There are many reasons for using a first person POV character-narrator. One of the best examples is Mark Twain's Huck Finn.
Without Huck as the POV narrator, the story wouldn't be a classic. It's his innocence about life that is part of the charm. Here are a few words the POV narrator (Huck) says right after composing a note about Jim, the runaway slave:
"I studied a minute, sort of holding my breath, and then says to myself?
'All right, then, I'll go to hell' - and tore it up.
It was awful thoughts, and awful words, but they was said. And I let them stay said; and never thought no more about reforming."
A kid narrator simply doesn't know all that's going on in the story and can't process what's happening the way adults do. That's the charm of child narrators.
Authors use first person POV for adult narrators, too, and this is done for a number of reasons.
1) The author wants some parts of the story to remain mysterious and the POV character-narrator doesn't know all that's going on.
2) The POV narrator is hiding something like a mental illness, a murder, a secret jealousy.
3) The POV narrator is unreliable and thus complicates the story further.
4) The POV narrator is recovering from some emtotional or physical disaster and healing from the inside out.
5) The author is revealing only one reality in a story that contains several realities.

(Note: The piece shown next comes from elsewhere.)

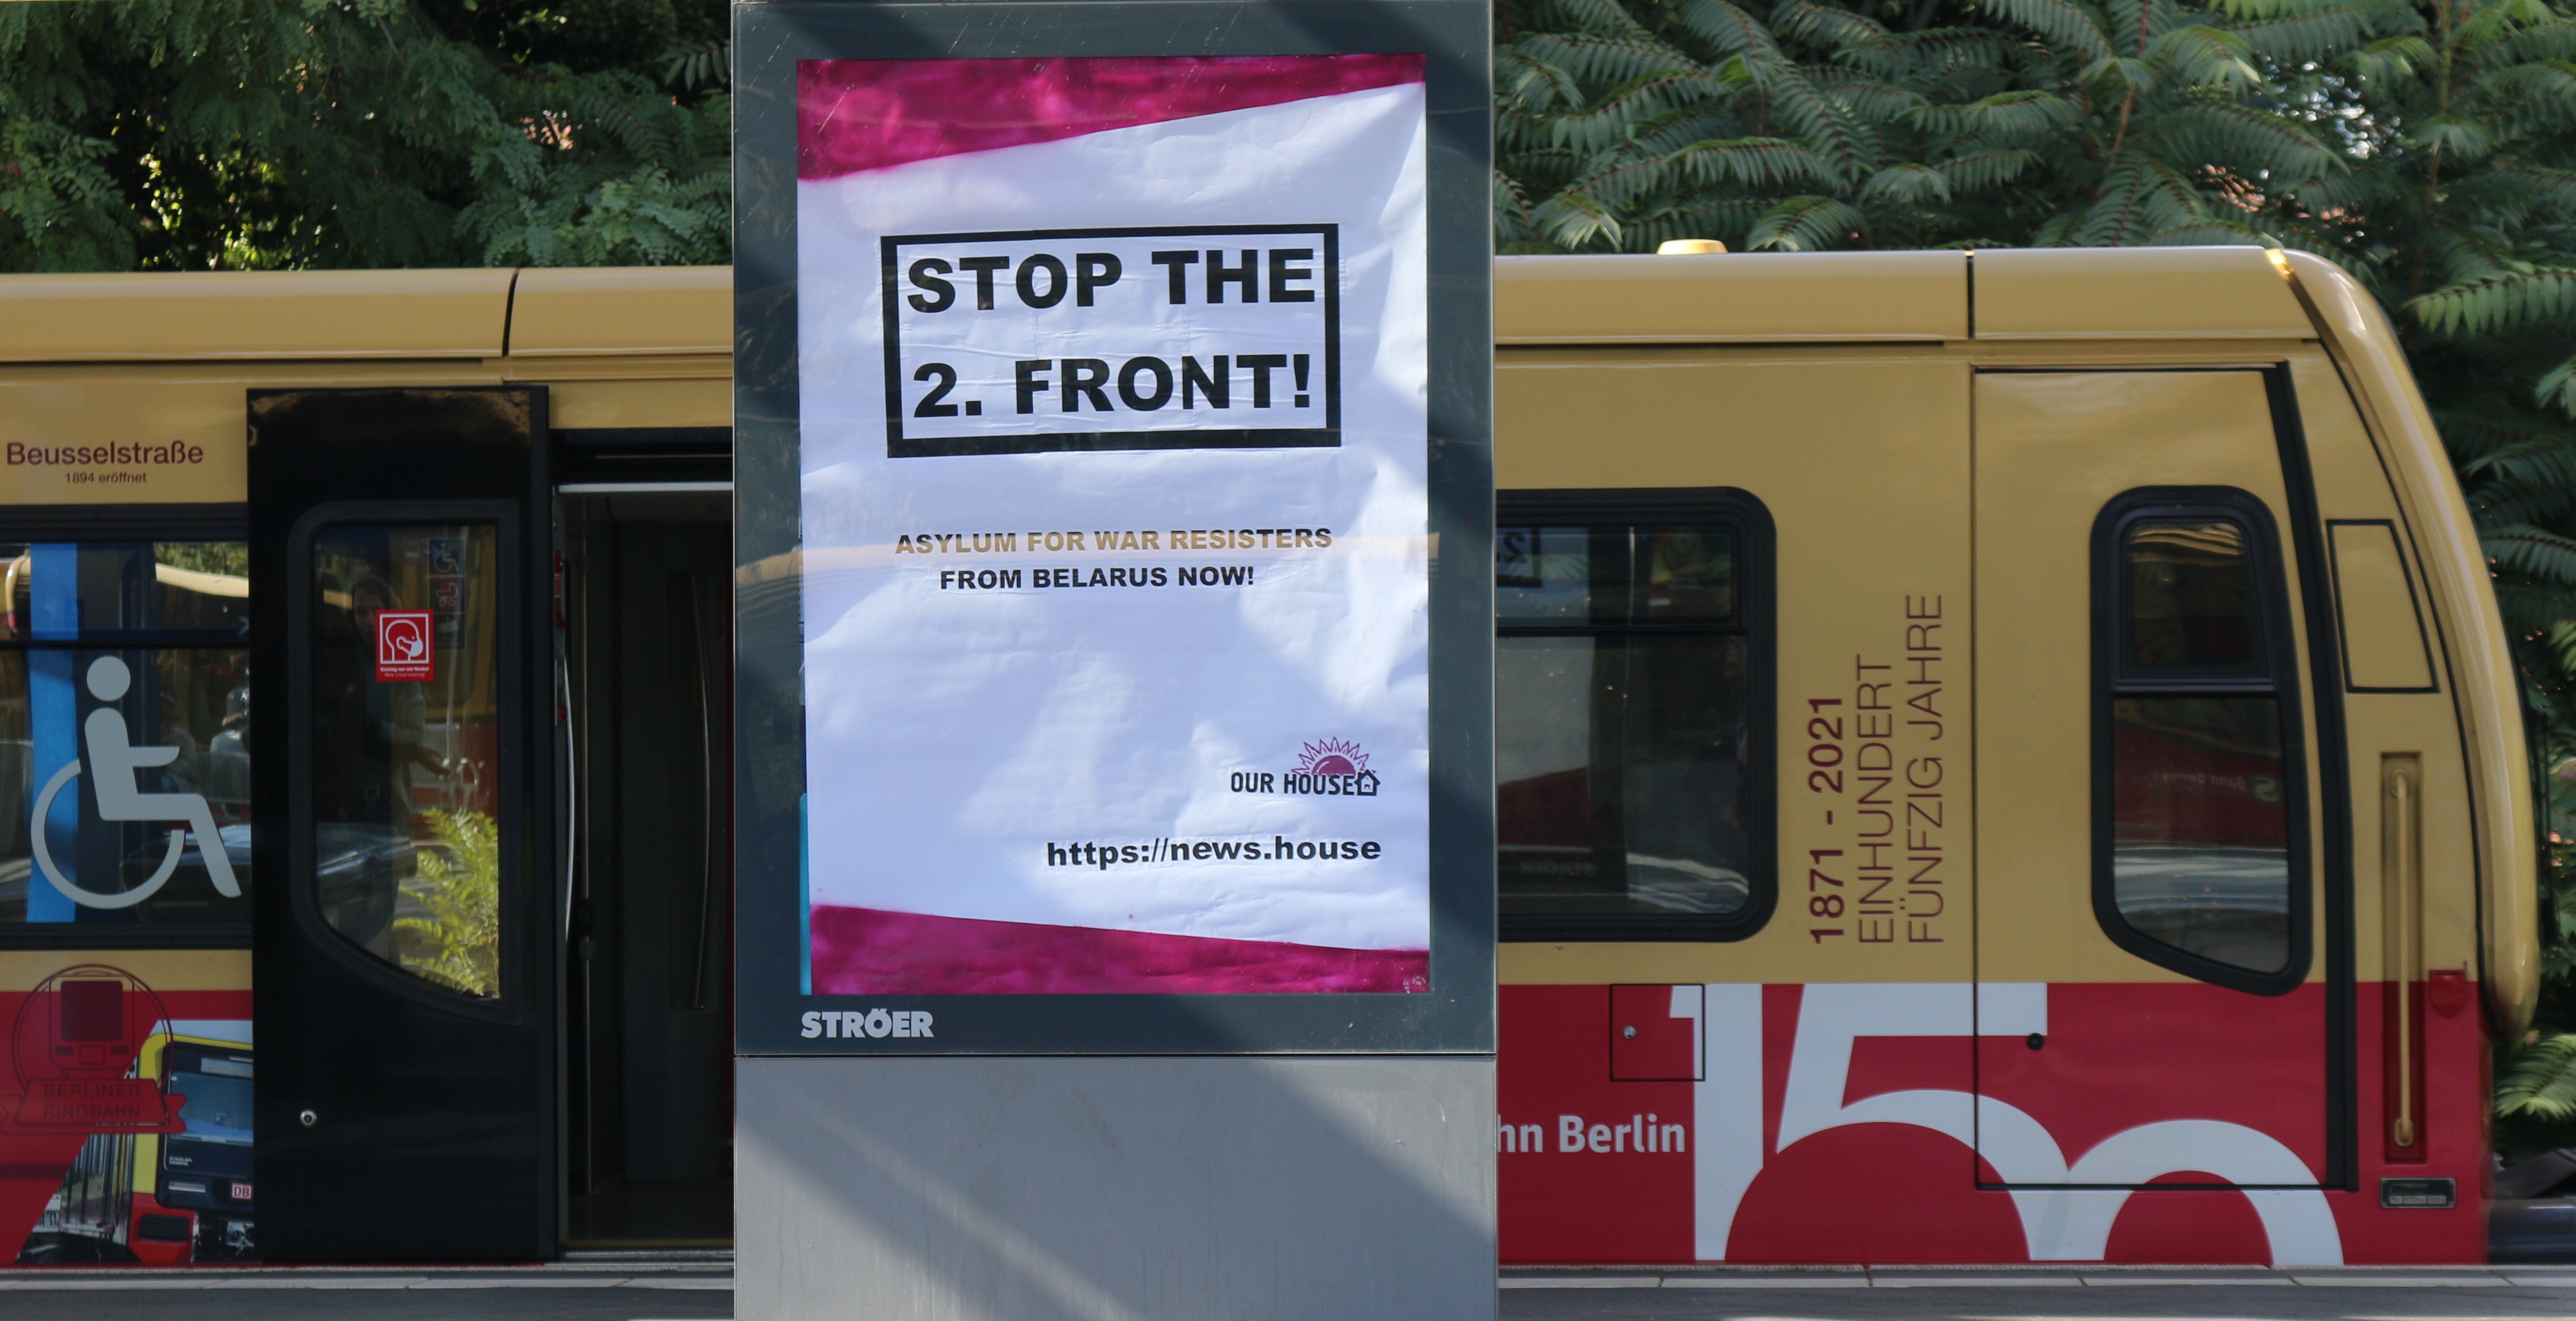 Poster-Aktion von Nash Dom zur Kampagne "Stoppt die zweite Front". Quelle: taz: https://blogs.taz.de/streetart/2022/09/23/solidaritaet-fuer-belarussische-wehrverweigerer/

6) The POV character-narrator is really the antagonist, the villain, the despicable Humbert Humbert in Lolita or one ot Poe's short story characters or the cuckolded husband who winds up murdering his cheating wife.
The POV narrator is telling the story from his or her point of view but is actually misinformed about the truth. Think of Poe's Tell-Tale Heart or Nabokov's Lolita, and it's easy to understand the brilliance of an unreliable first person POV character-narrator.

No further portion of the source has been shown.